Dataset records:
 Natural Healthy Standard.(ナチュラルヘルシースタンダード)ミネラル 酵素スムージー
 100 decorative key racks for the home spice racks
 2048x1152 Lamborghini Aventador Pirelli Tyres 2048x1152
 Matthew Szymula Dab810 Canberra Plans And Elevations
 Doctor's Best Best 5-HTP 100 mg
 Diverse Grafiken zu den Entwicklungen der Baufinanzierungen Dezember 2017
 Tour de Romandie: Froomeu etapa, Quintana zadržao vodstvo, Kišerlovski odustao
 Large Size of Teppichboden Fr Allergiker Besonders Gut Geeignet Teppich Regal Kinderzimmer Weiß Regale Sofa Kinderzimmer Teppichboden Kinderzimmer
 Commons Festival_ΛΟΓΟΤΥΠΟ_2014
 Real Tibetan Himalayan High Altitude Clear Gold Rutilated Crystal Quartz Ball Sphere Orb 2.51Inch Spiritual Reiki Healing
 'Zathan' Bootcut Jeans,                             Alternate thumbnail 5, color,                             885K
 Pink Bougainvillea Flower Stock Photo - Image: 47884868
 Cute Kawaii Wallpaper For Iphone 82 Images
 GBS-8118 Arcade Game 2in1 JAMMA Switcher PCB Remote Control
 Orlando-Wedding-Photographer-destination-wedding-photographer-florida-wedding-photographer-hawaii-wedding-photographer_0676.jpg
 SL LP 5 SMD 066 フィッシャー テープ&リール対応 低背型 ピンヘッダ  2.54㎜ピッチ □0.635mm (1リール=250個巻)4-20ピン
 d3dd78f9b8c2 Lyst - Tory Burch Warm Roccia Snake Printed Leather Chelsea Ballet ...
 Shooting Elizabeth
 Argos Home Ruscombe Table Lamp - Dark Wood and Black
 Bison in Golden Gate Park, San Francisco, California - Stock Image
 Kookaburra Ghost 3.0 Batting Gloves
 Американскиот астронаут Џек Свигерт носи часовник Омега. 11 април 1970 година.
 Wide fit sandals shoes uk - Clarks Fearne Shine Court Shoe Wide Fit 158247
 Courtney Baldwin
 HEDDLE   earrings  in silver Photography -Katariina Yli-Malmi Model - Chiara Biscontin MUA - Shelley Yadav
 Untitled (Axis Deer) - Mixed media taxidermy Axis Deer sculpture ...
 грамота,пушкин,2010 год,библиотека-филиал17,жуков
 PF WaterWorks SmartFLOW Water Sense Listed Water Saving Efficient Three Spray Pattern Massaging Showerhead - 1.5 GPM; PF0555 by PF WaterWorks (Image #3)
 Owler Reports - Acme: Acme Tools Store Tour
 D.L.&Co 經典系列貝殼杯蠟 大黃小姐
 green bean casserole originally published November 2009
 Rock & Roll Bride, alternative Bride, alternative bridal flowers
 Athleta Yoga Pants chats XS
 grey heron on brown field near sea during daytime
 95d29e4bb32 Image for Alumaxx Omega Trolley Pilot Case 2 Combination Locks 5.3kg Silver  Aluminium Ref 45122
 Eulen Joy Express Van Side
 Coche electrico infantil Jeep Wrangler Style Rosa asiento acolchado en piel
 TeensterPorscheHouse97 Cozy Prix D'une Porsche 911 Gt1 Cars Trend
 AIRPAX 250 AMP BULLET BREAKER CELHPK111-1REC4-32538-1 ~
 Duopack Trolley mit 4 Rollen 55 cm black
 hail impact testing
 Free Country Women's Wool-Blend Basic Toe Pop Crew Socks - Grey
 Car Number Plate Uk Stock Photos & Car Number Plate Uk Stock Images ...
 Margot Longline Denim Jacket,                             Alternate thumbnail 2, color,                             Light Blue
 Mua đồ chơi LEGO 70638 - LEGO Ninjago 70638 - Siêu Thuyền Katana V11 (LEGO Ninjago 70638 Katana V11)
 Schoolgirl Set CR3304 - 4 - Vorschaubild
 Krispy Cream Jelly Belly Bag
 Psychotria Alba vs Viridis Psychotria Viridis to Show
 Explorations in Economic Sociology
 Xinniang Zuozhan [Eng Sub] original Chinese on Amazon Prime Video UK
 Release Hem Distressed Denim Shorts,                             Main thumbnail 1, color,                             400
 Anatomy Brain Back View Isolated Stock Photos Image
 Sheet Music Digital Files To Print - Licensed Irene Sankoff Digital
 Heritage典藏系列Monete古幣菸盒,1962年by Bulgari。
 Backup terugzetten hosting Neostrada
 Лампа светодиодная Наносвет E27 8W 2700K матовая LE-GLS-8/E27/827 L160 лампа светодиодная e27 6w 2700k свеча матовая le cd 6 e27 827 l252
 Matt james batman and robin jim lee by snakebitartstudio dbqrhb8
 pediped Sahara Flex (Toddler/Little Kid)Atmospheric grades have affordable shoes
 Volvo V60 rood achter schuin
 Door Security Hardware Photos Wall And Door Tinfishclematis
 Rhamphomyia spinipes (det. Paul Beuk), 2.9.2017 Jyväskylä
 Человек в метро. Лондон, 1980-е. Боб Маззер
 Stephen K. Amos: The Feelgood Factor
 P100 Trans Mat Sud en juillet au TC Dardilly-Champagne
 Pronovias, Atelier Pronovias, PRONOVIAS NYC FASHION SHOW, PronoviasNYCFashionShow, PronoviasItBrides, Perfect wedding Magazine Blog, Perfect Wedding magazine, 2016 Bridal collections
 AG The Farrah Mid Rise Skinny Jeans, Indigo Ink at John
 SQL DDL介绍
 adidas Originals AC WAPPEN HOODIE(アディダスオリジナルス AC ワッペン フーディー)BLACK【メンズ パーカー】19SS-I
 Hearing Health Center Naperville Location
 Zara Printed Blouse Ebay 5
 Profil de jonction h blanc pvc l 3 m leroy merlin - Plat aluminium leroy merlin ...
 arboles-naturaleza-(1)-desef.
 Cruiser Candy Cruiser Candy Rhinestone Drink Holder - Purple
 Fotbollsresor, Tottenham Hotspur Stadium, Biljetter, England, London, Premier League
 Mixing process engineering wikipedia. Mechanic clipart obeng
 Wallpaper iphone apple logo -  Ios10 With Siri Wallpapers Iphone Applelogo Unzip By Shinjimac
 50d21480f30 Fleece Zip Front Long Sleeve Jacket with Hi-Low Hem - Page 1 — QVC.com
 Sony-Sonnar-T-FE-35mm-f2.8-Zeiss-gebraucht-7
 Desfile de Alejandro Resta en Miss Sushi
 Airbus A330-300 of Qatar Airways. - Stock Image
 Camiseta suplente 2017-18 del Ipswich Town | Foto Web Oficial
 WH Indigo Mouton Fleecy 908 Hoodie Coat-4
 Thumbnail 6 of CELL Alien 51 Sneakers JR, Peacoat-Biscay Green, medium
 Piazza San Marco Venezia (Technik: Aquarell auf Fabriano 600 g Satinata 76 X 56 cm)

To do:
Return an exact copy of only the lines from the one with "Fotbollsresor, Tottenham Hotspur" through the end of the listing above, both included.

Exercise result:
 Fotbollsresor, Tottenham Hotspur Stadium, Biljetter, England, London, Premier League
 Mixing process engineering wikipedia. Mechanic clipart obeng
 Wallpaper iphone apple logo -  Ios10 With Siri Wallpapers Iphone Applelogo Unzip By Shinjimac
 50d21480f30 Fleece Zip Front Long Sleeve Jacket with Hi-Low Hem - Page 1 — QVC.com
 Sony-Sonnar-T-FE-35mm-f2.8-Zeiss-gebraucht-7
 Desfile de Alejandro Resta en Miss Sushi
 Airbus A330-300 of Qatar Airways. - Stock Image
 Camiseta suplente 2017-18 del Ipswich Town | Foto Web Oficial
 WH Indigo Mouton Fleecy 908 Hoodie Coat-4
 Thumbnail 6 of CELL Alien 51 Sneakers JR, Peacoat-Biscay Green, medium
 Piazza San Marco Venezia (Technik: Aquarell auf Fabriano 600 g Satinata 76 X 56 cm)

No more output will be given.